Data to use: Begin
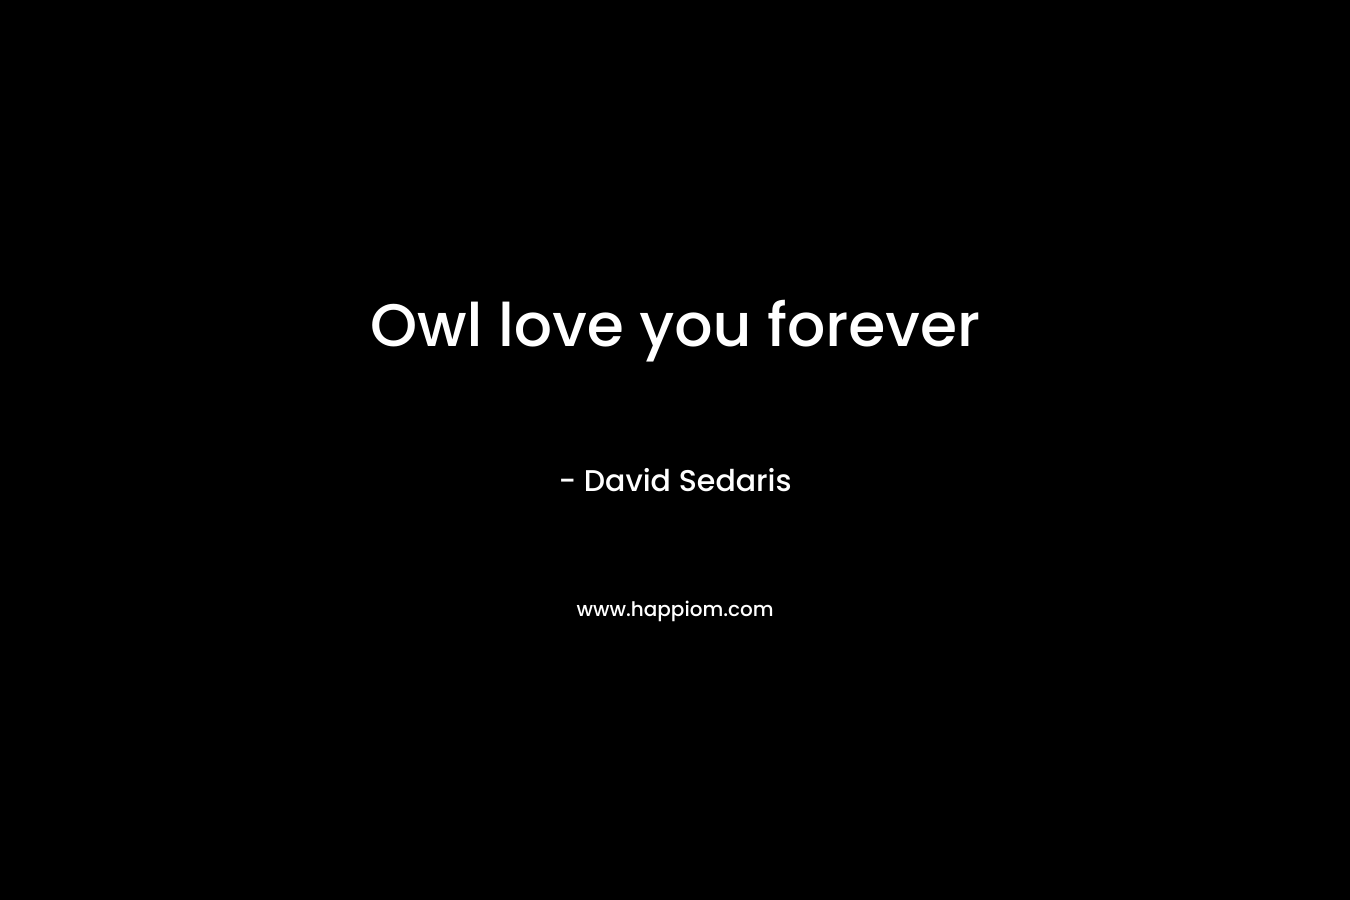 Owl love you forever
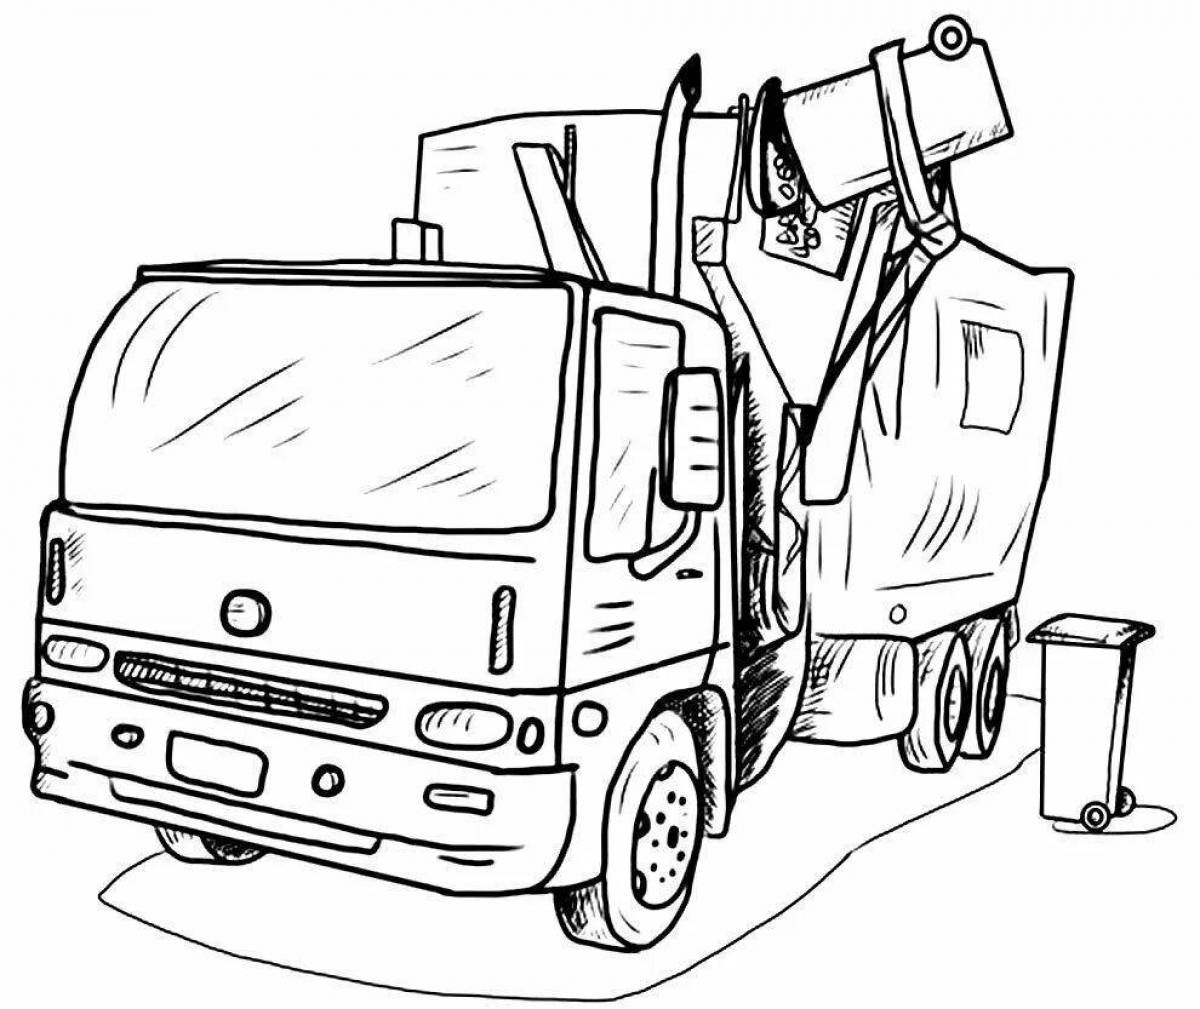 Wonderful garbage truck coloring book for 3-4 year olds
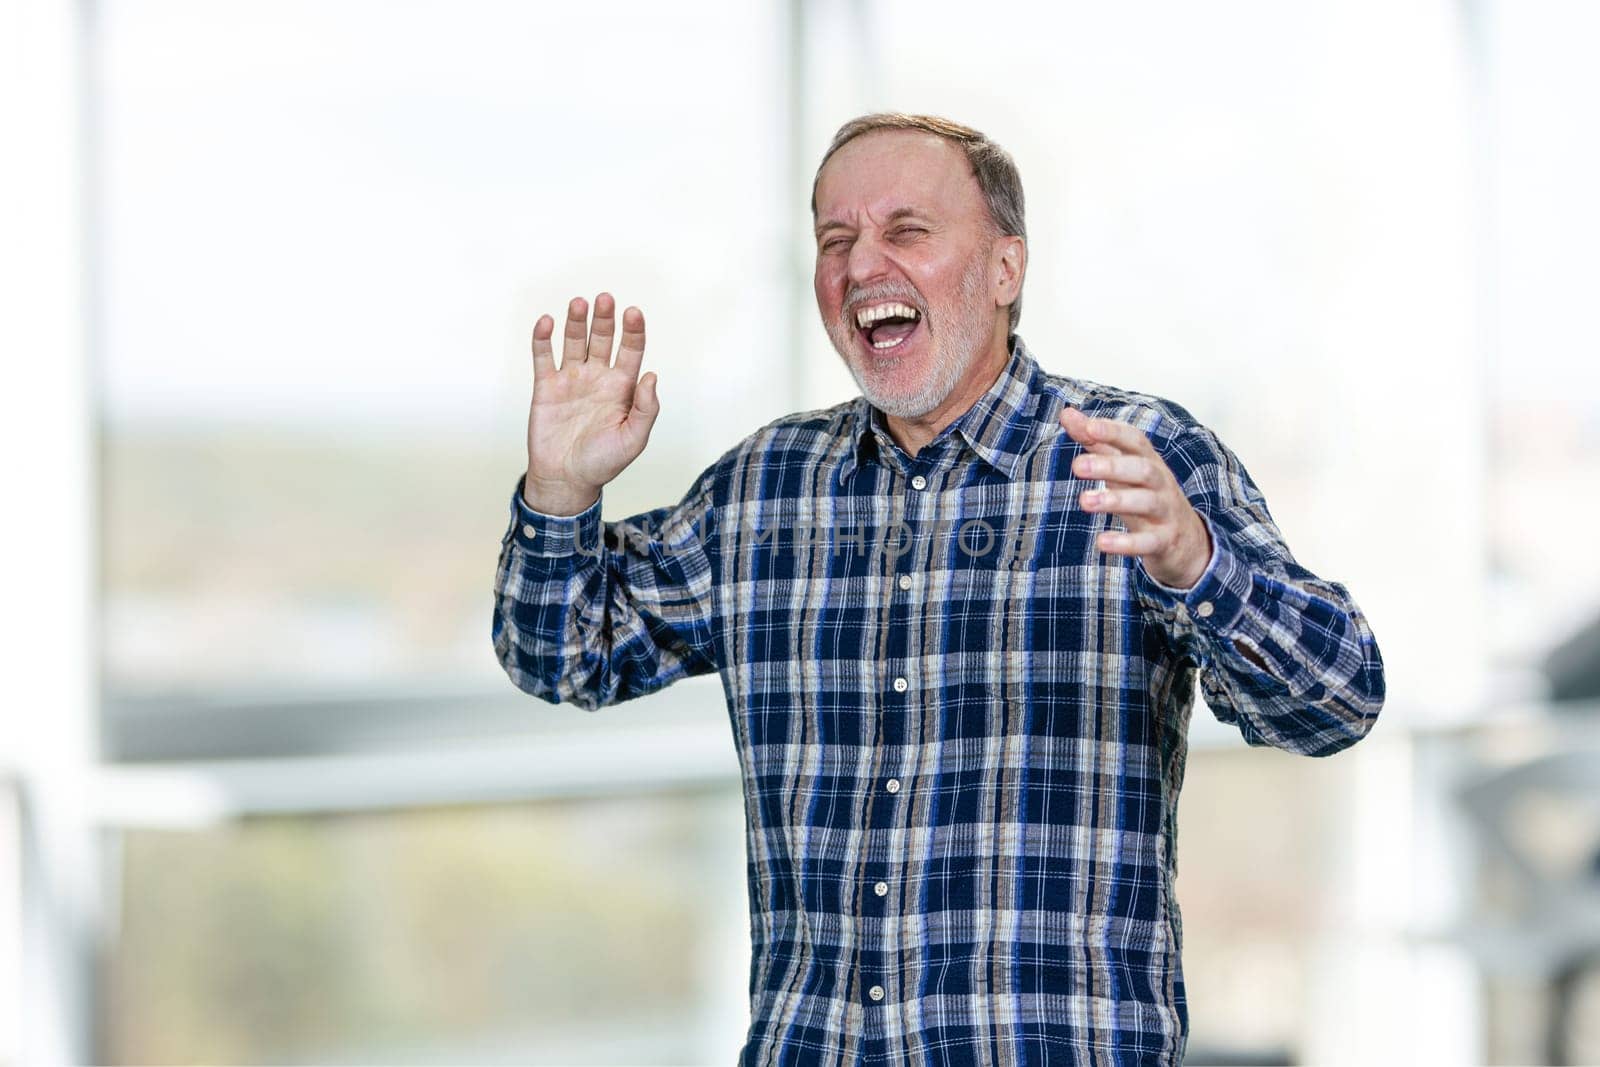 Portrait of handsome middle aged man is laughing out loud. Bright indoor background.
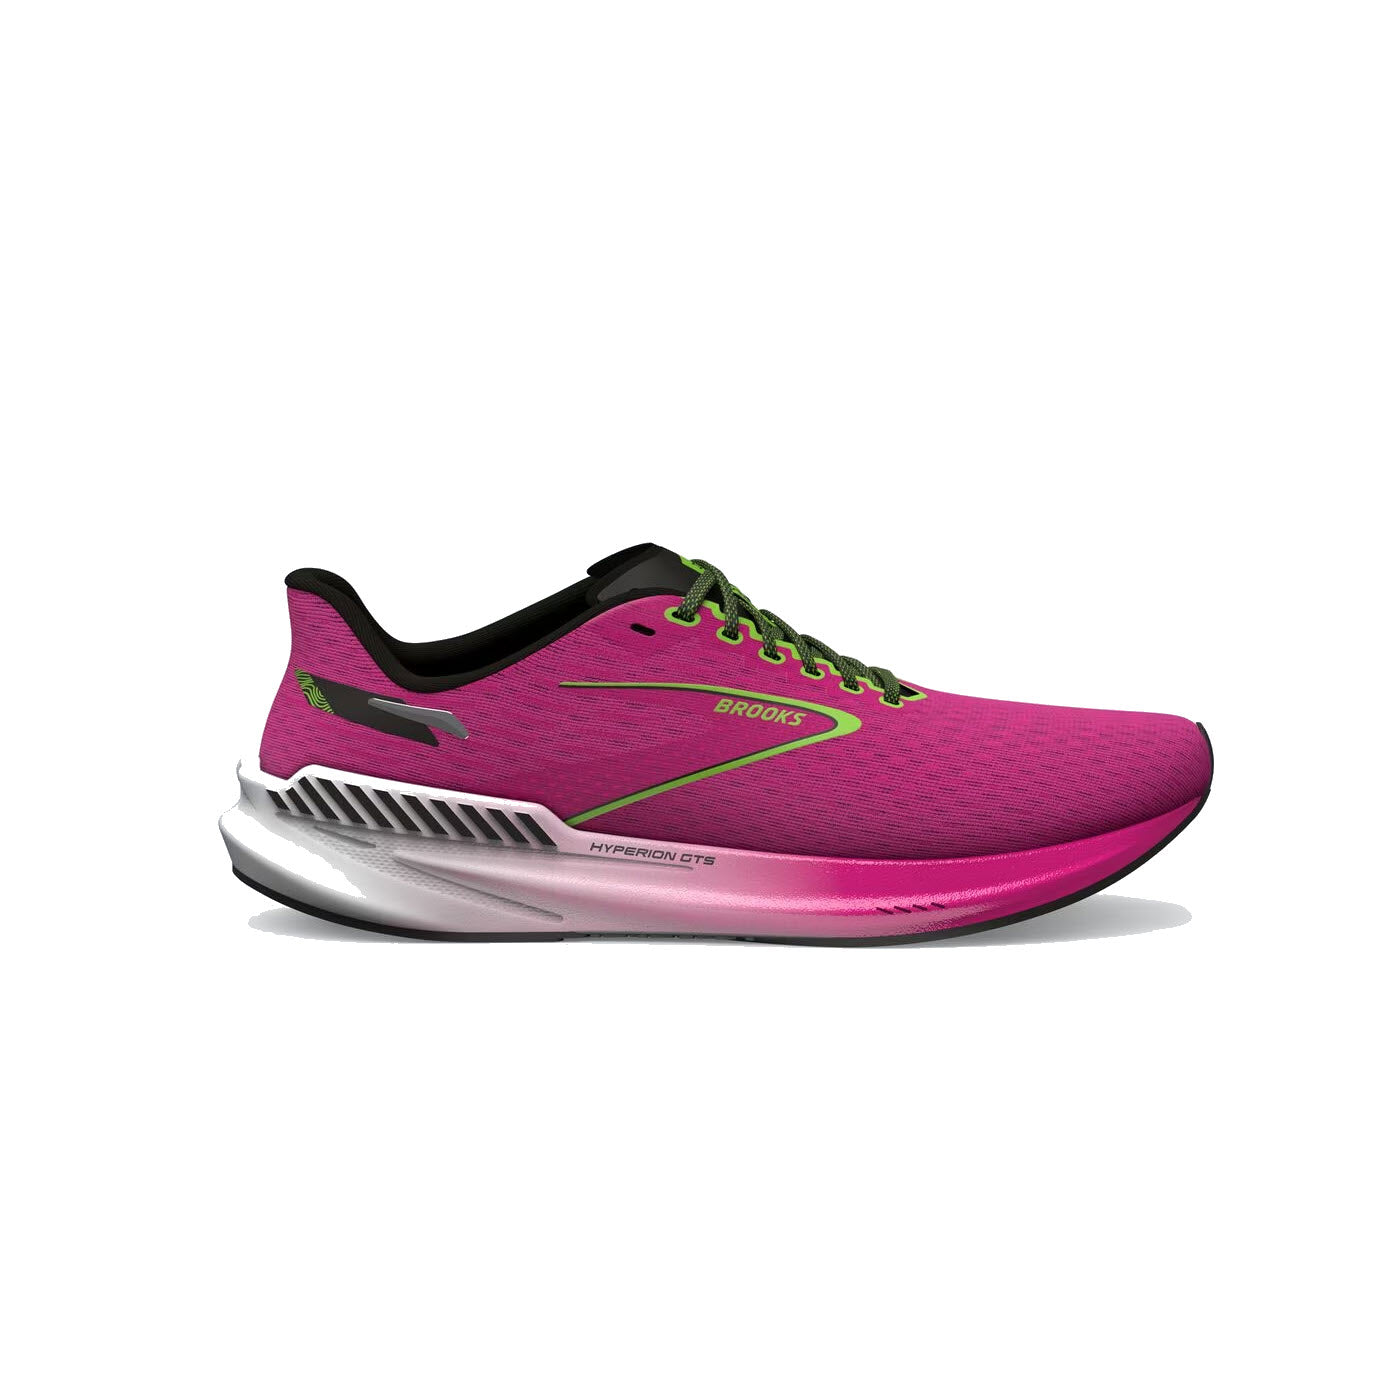 A pink Brooks Hyperion GTS running shoe featuring green laces and a white sole, isolated on a white background.
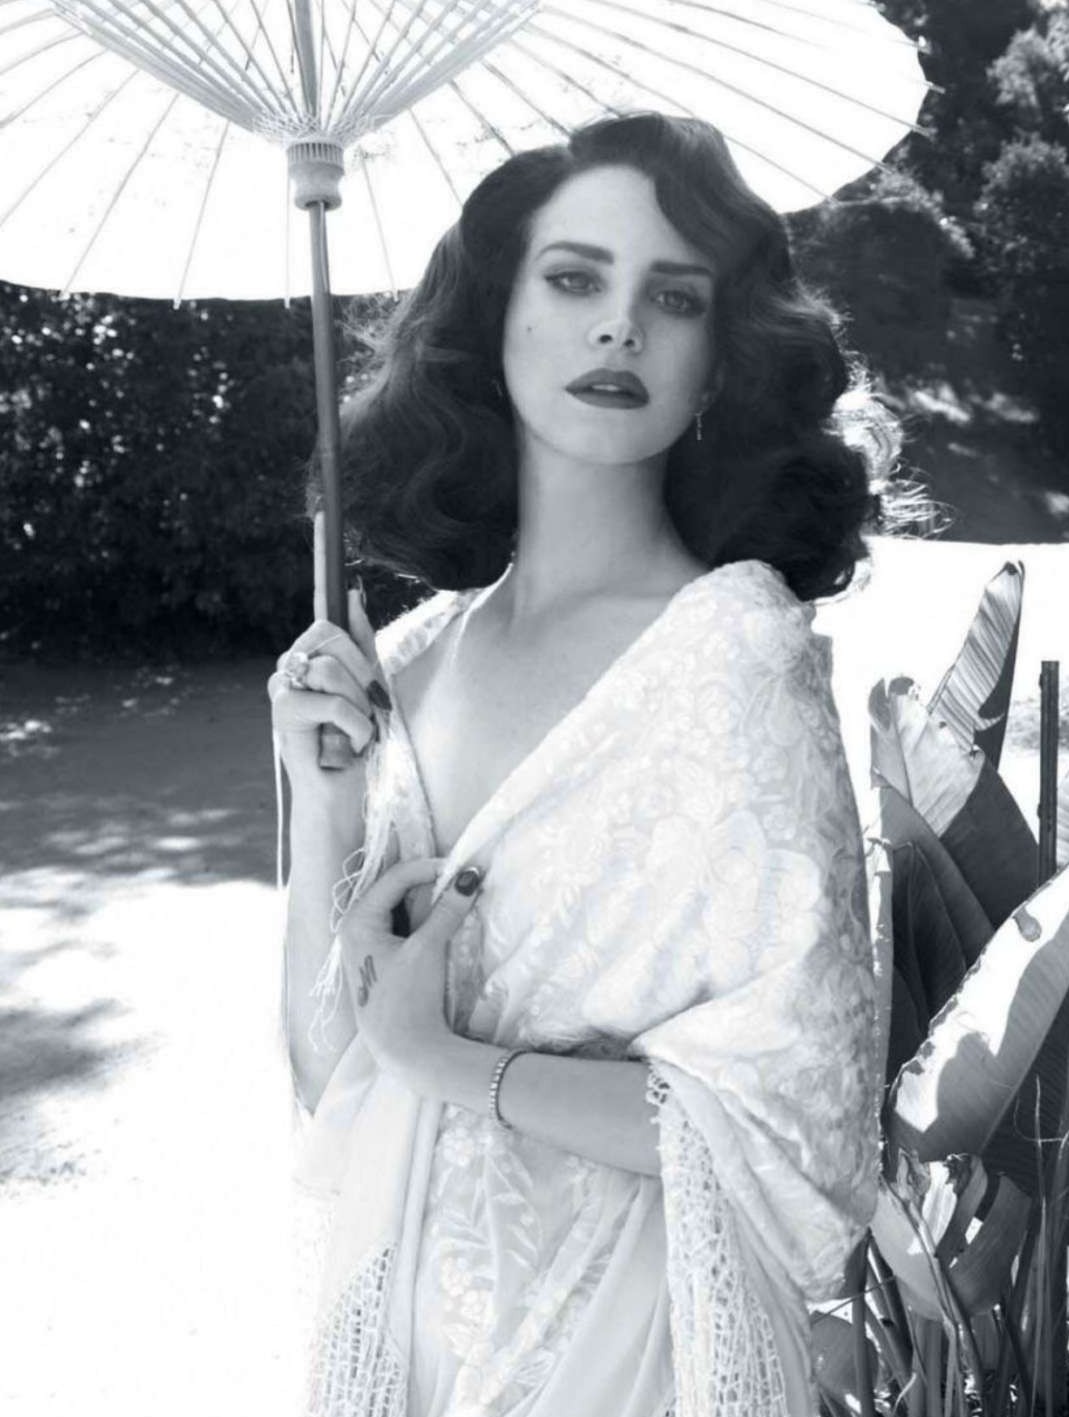 Lana Del Rey Hot and Spicy Cover Photos for L’Officiel Paris Magazine ...
Data to use: End
* **Task goal**: Once the pictures are removed, copy the material above exactly.

* **Reply to the exercise**:
 Owl love you forever
 Wonderful garbage truck coloring book for 3-4 year olds
 Portrait of handsome middle aged man is laughing out loud. Bright indoor background.
 A pink Brooks Hyperion GTS running shoe featuring green laces and a white sole, isolated on a white background.
 Lana Del Rey Hot and Spicy Cover Photos for L’Officiel Paris Magazine ...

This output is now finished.